> [TASK DIRECTIONS]:
No pictures in the copy. Write out the listing below exactly.

[Opening DATA SECTION section]

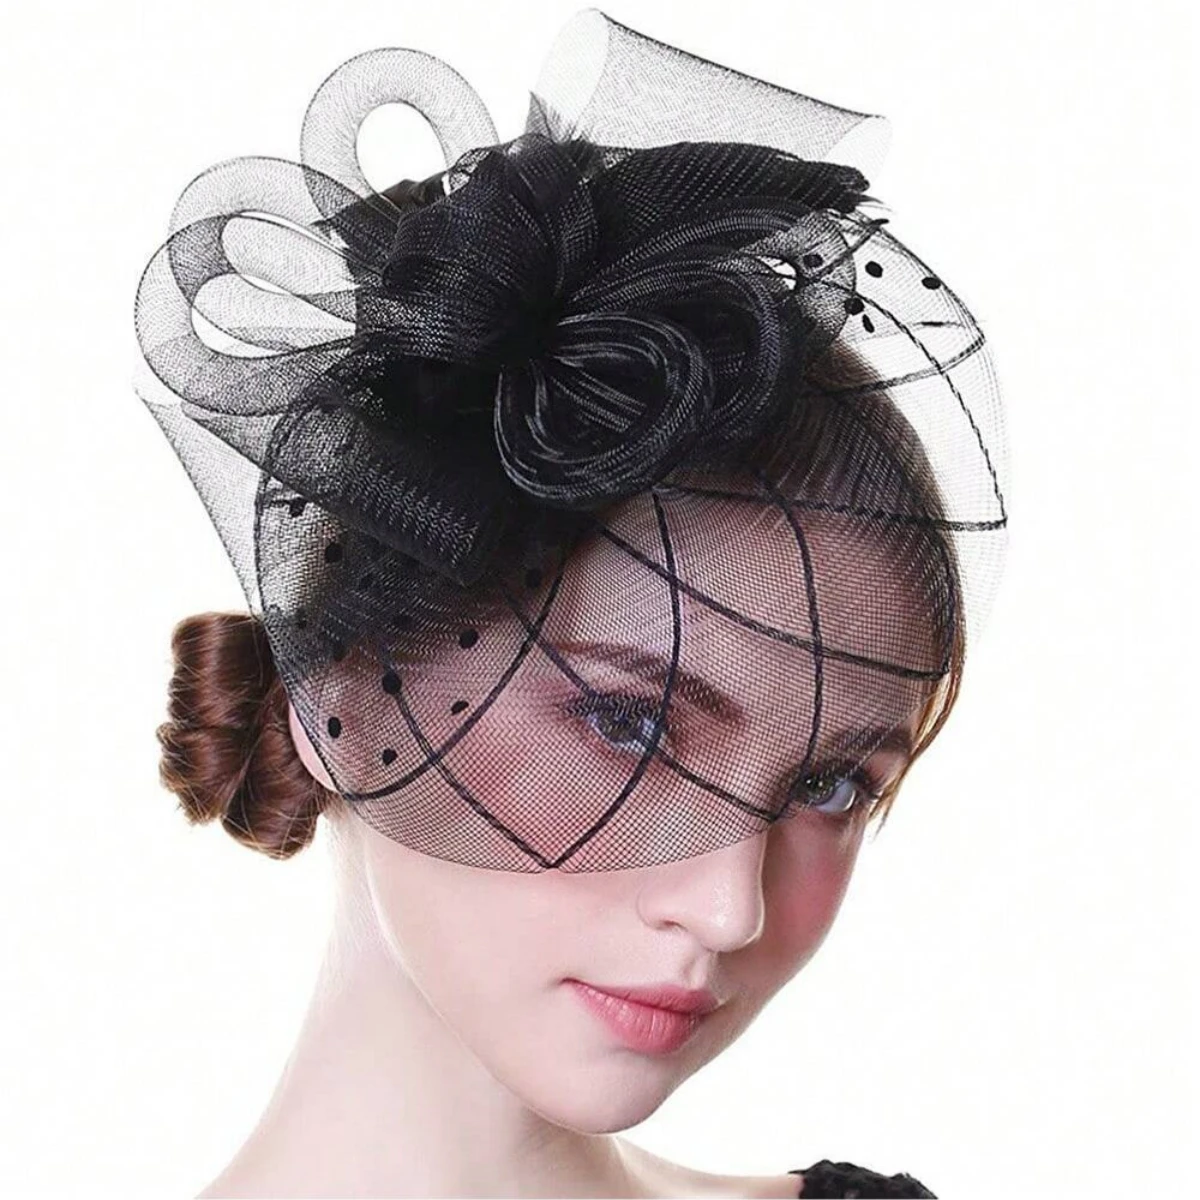 Women's Headwear Tea Party Church Wedding Mesh Cocktail Party Flower Feather Charming Clip Christmas Party Hair Accessories New 100pcs love small yarn bag christmas gift bag candy bag wedding gift bag jewelry packing bag storage bag organza mesh bag
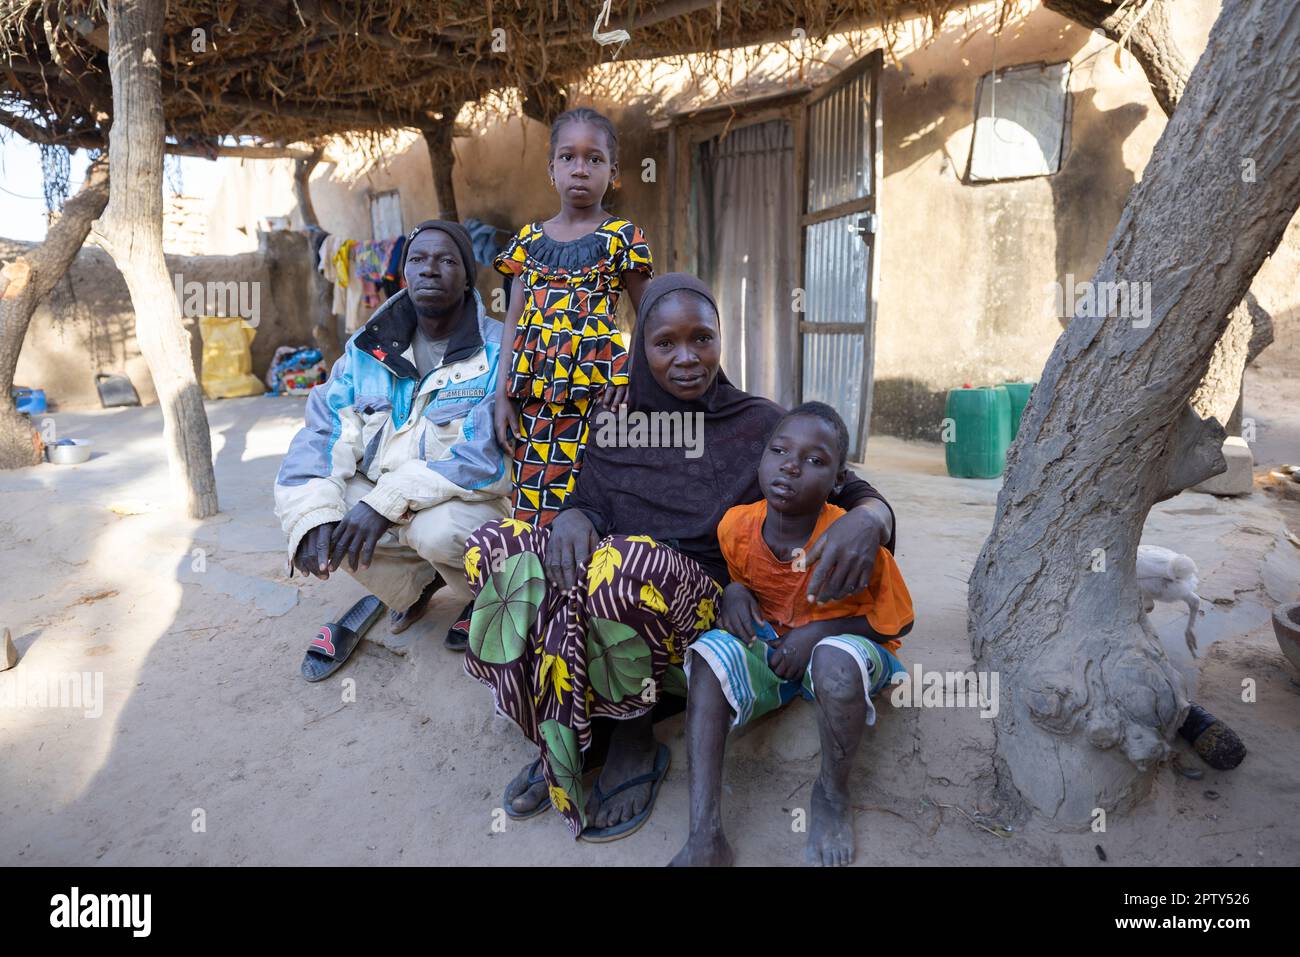 Large family sitting together in front of their home in Segou Region, Mali, West Africa. 2022 Mali drought and hunger crisis. Stock Photo
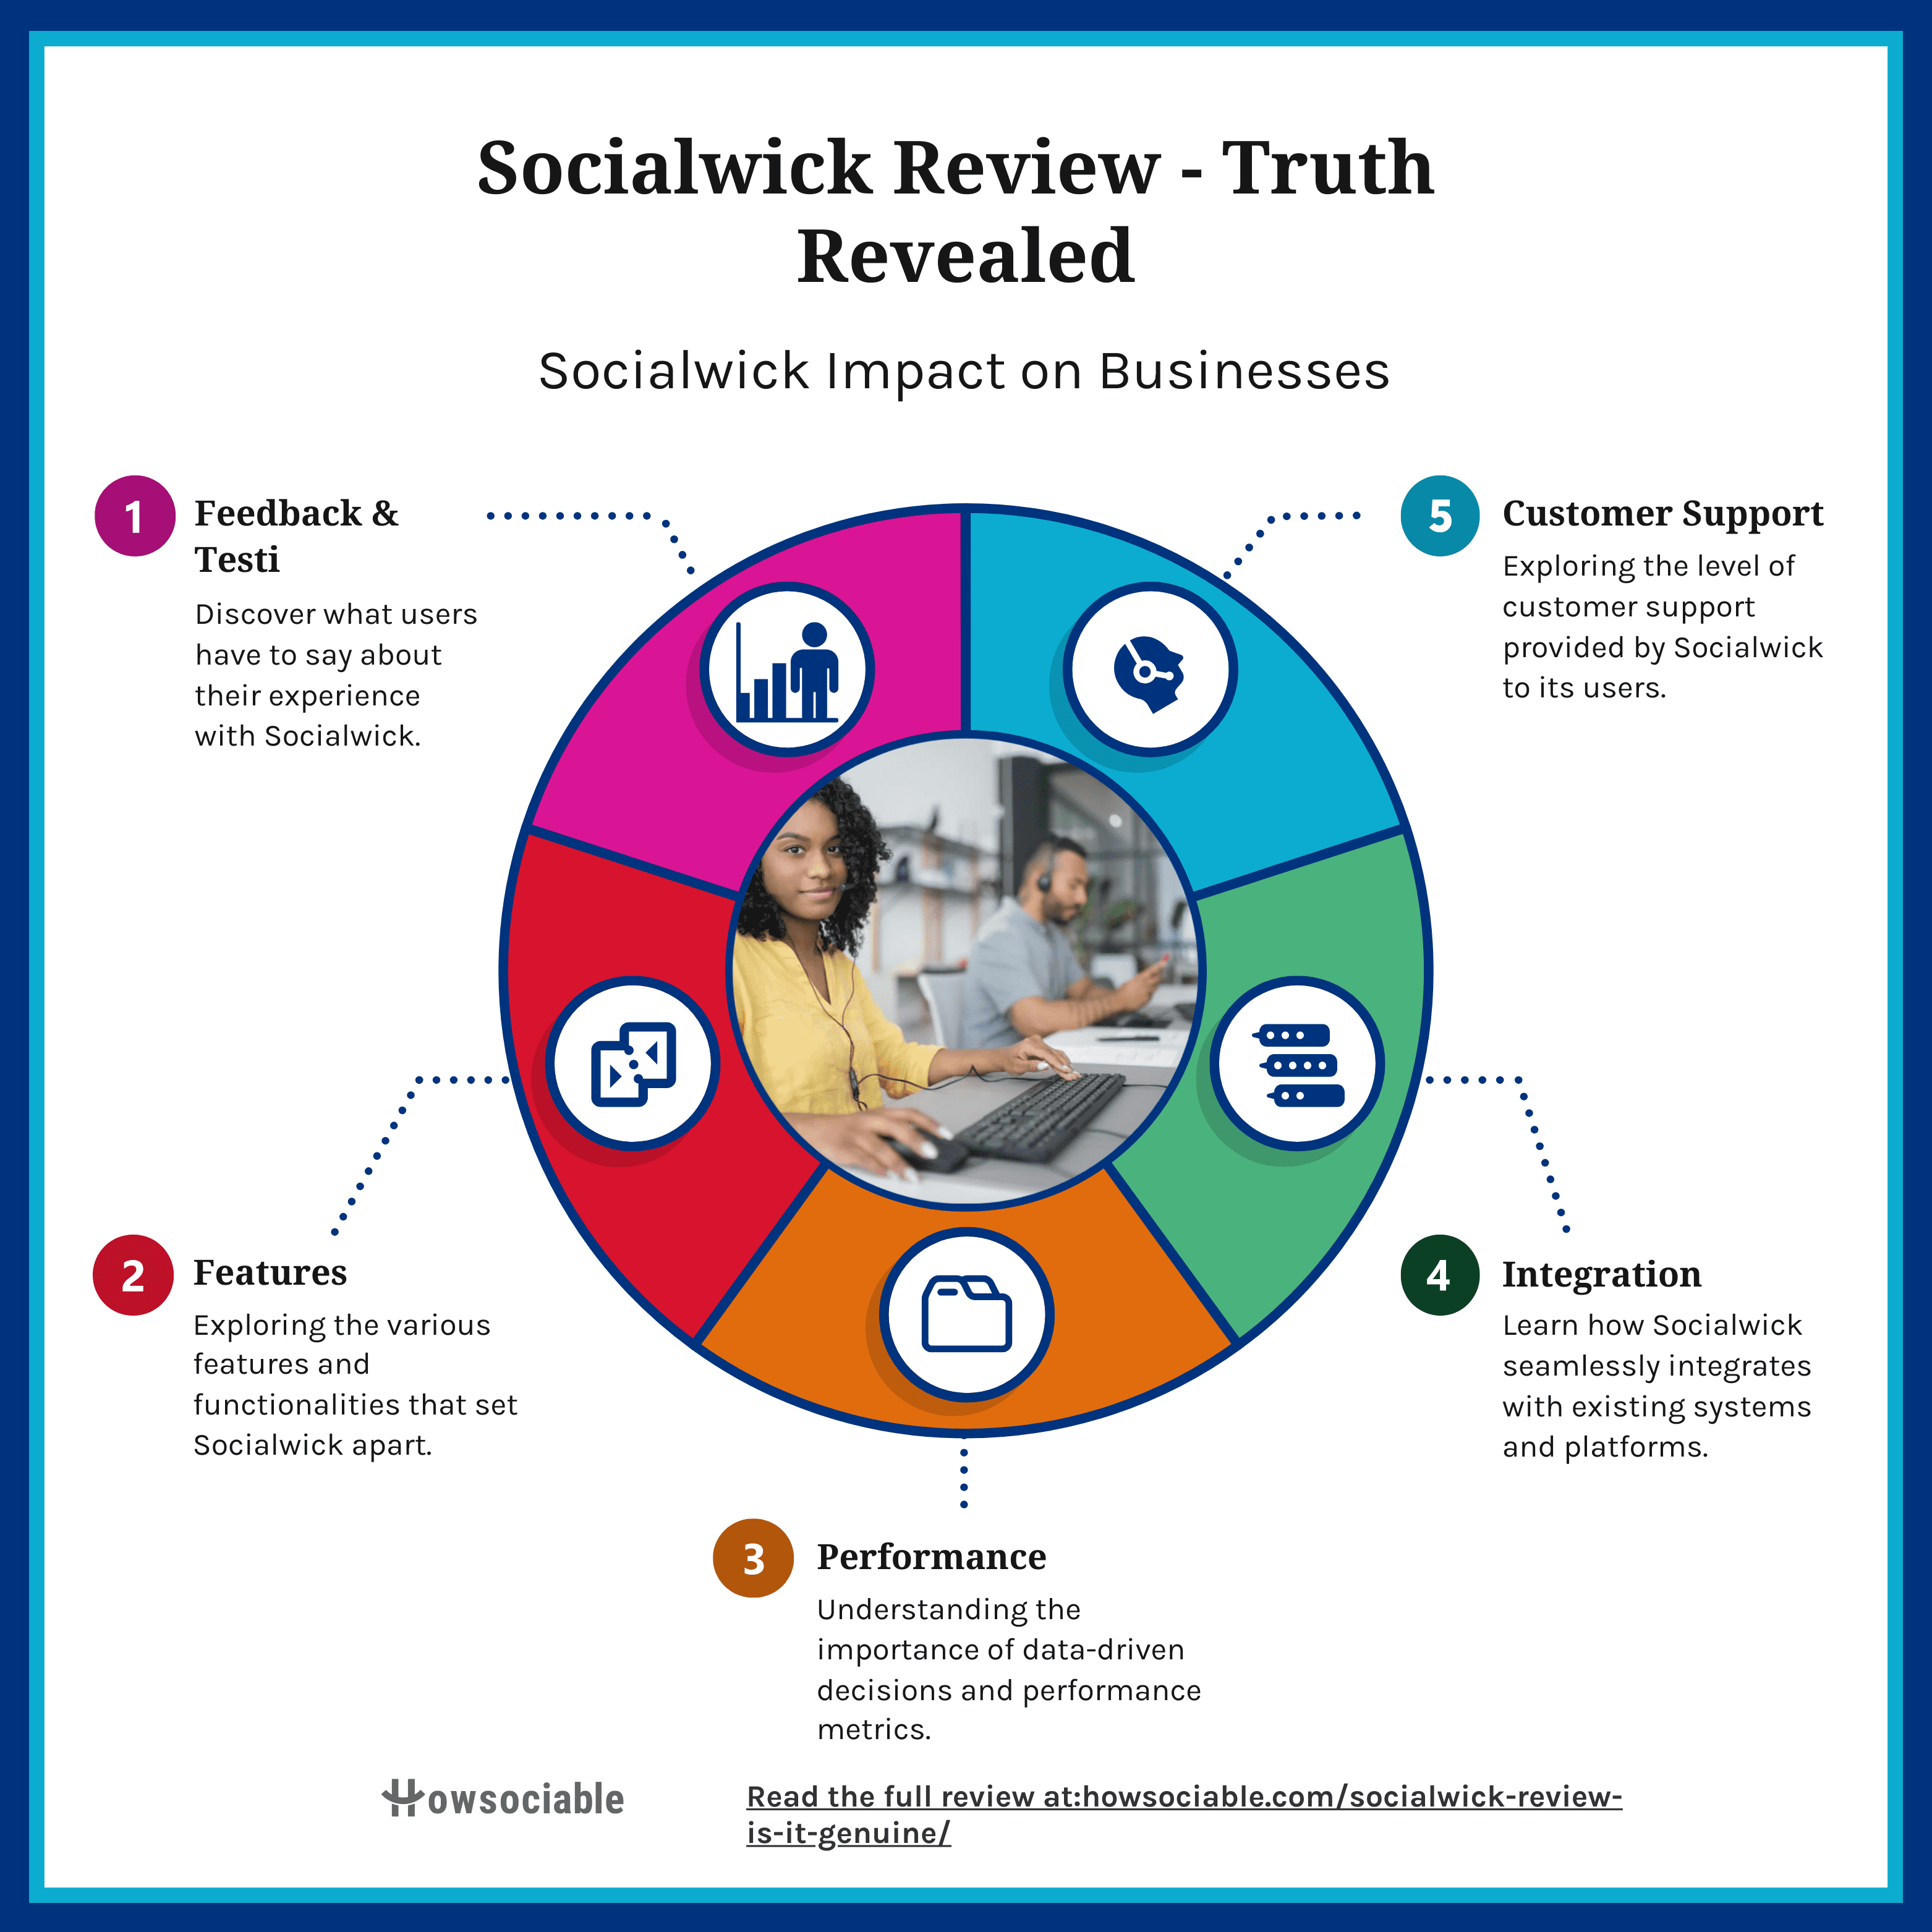 Socialwick Review - Truth Revealed

[Closing DATA SECTION section]

> [THE COMPLETED TASK]:
 Women's Headwear Tea Party Church Wedding Mesh Cocktail Party Flower Feather Charming Clip Christmas Party Hair Accessories New 100pcs love small yarn bag christmas gift bag candy bag wedding gift bag jewelry packing bag storage bag organza mesh bag
 Large family sitting together in front of their home in Segou Region, Mali, West Africa. 2022 Mali drought and hunger crisis. Stock Photo
 Socialwick Review - Truth Revealed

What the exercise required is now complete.